Many employees now turn to generative AI not just for answers, but for help summarising documents, drafting content, analysing datasets, and writing code.
It has become a useful assistant, embedded into everyday work. But what is now coming into focus is the security impact of this shift. As GenAI use accelerates, so too does the amount of sensitive information flowing through it. The result is a long list of GenAI-related data exposure incidents that have increased nearly fivefold year-on-year, creating a volume and velocity of leakage that enterprises have never had to manage before.
data leaks are the natural consequence of deploying technology that ingests data faster than most security models can handle. But as GenAI becomes the default way work gets done, every enterprise must understand that a tool built for speed and convenience has fundamentally altered their risk landscape.
GenAI Adoption is Outpacing Governance
Over the past year, the number of people using SaaS-based GenAI applications like ChatGPT and Gemini has tripled, while the volume of prompts sent to those tools has increased sixfold. In some organizations, that translates into tens of thousands—or even millions—of prompts every month.
However, GenAI usage no longer fits the assumptions most enterprise security models were built around. Traditional controls are typically designed for browser-based access, clearly defined applications, and policy enforcement at known boundaries. GenAI breaks those assumptions.
For GenAI to be useful, these it must be given context. That often means employees feeding models with internal material, whether content, operational data, or customer information, as part of everyday work. But that also means sensitive data is routinely moved into environments where traditional monitoring and protection controls don’t often apply, increasing the risk of unintended exposure or downstream misuse.
Increasingly, AI is being accessed and integrated through APIs, embedded directly into internal tools, workflows, and automation pipelines. Today, around 70% of organizations connect to GenAI services through programmatic interfaces rather than traditional browser sessions, shifting large volumes of AI activity outside the places security teams have historically focused controls on.
But when these controls introduce friction or limit functionality, users adapt, switching tools, accounts, or interfaces to keep work moving. In fact, 47% of GenAI users still rely on personal or unmanaged AI applications, with many moving back and forth between personal and enterprise accounts.
Even when organizations provide approved tools, this switching creates blind spots that make consistent oversight difficult. These blind spots can be exploited, whether by attackers looking for easier entry points or by accidental leakage that goes unnoticed until too late.
For security teams, the strain around GenAI is already visible. The average organization now sees around 223 incidents of users violating GenAI data policies every month; a reflection of how hard it is to establish guardrails around a technology that is spreading faster than policies, processes, and monitoring can keep up.
The challenge enterprises have is finding a way to shore up defenses, but without slowing the productivity gains that made the technology indispensable in the first place.
Why Security Must Follow the User, Not the Interface
Thankfully, there are clear practices and solutions enterprises can adopt to reduce exposure and regain visibility as GenAI use continues to expand.
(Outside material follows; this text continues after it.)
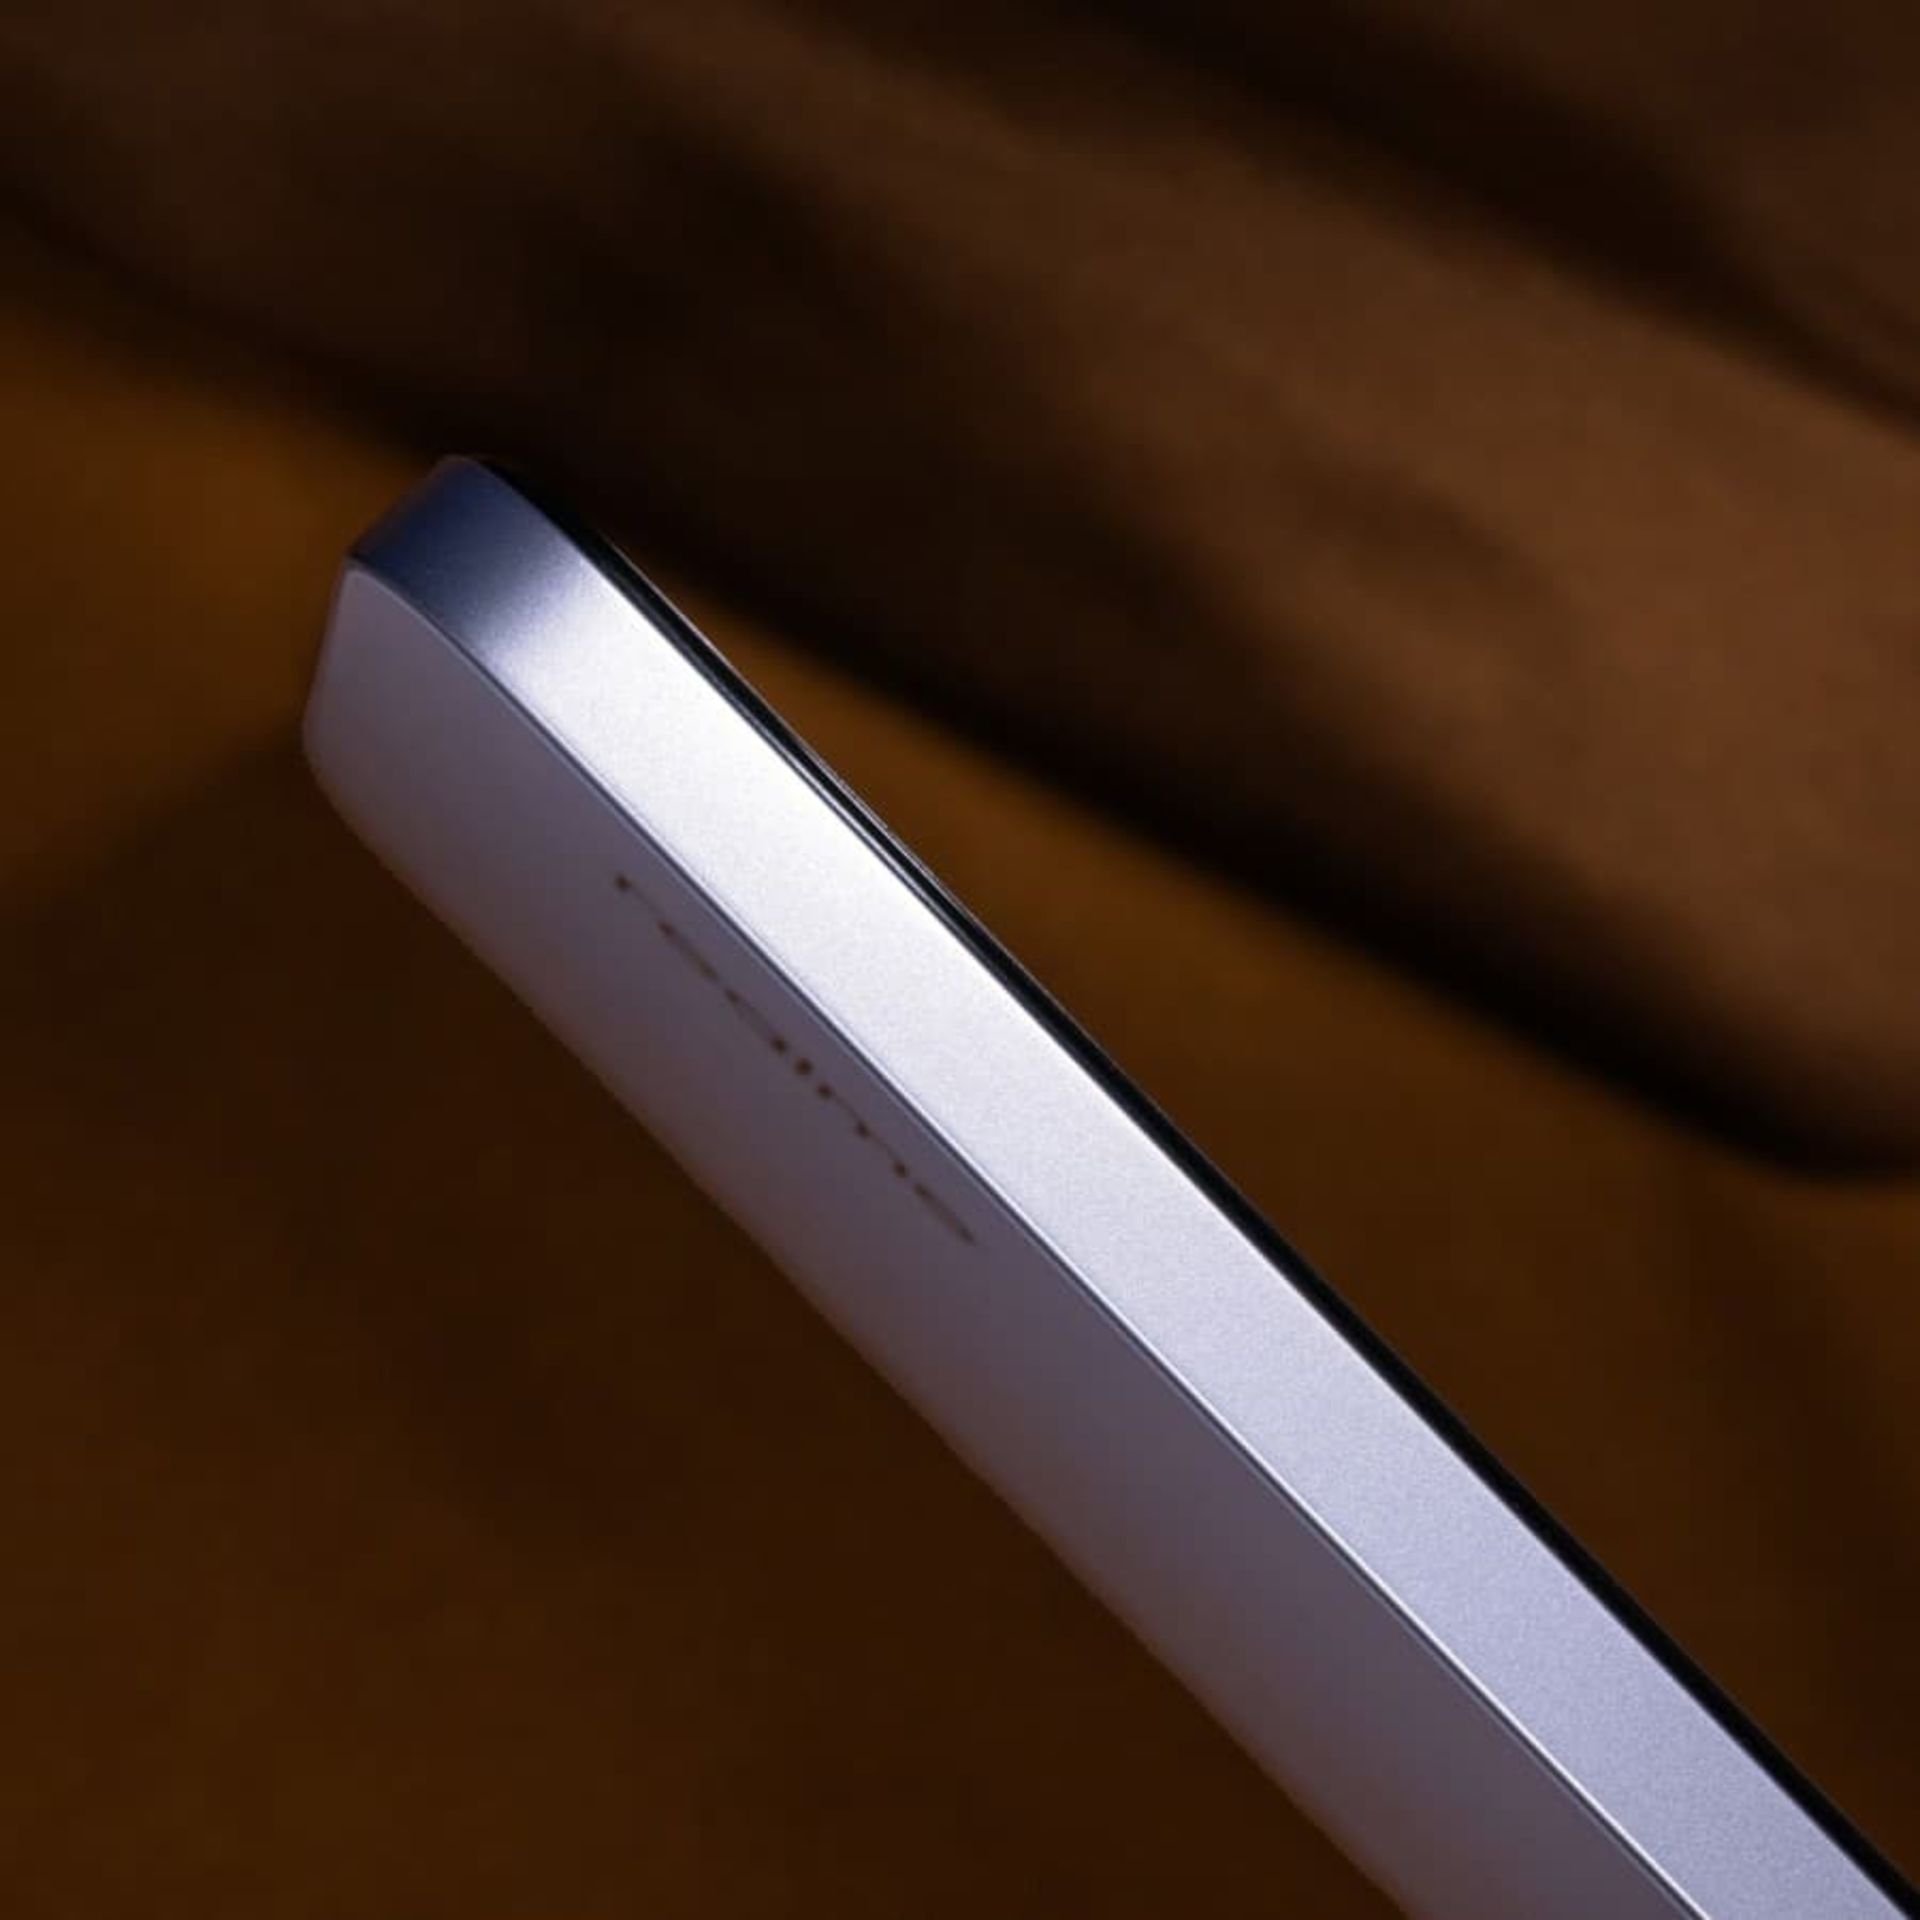 نمایی از فریم گوشی Realme C65 به رنگ بنفش کم رنگ

That is in the form of a sustainable security model that focuses less on where GenAI is accessed, and more on who is using it, how they are using it, and what data is involved.
That means applying zero trust principles to GenAI interactions: verify identity and context and apply consistent controls to every transaction, not just the ones that happen in the browser. Because understanding which identity—human or system—is interacting with a GenAI service is key, particularly as AI becomes more deeply integrated into internal workflows. Identity provides the anchor point for consistent policy enforcement, regardless of interface or access method.
Equally important is behaviour. GenAI risk is not static; it changes based on how frequently tools are used, what types of data are shared, and how those patterns evolve over time. Security teams need the right solutions that provide visibility into usage behaviours that signal increased exposure, such as sudden spikes in data uploads or repeated interactions involving sensitive information, rather than relying solely on binary controls. In practice, it means visibility must extend across both inline traffic and API-based access, as GenAI is increasingly embedded into tools and workflows rather than accessed through a single interface.
That visibility needs to be paired with data protection that travels with the data itself. Because GenAI relies on ingesting information, organizations need controls that can continuously identify and protect sensitive material as it moves into AI systems. This is where Data Loss Prevention (DLP) becomes essential, not as a blunt blocking mechanism, but to recognise sensitive content in context and apply guardrails that distinguish acceptable use from genuine risk.
None of this works without clear, enforceable policies. Allow-and-block policies can still play an important role in reducing unnecessary exposure, particularly for GenAI tools that don’t serve a legitimate business purpose or introduce disproportionate risk. But policies must be flexible enough to support legitimate GenAI use, while still providing human oversight and accountability when sensitive data is involved.
These practices highlight that securing GenAI is now about aligning identity, behaviour, and data protection so security follows user intent and data movement – wherever and however GenAI is used.
Where GenAI Security Goes Next
GenAI is already here and it is reshaping how work gets done, and with it, how data moves through the enterprise. Treating it like a controlled experiment or a niche risk only widens the gap between how people work and how security is applied.
Closing that gap requires security teams to rethink long-held assumptions and to build controls that move at the same pace as the workforce they are meant to protect.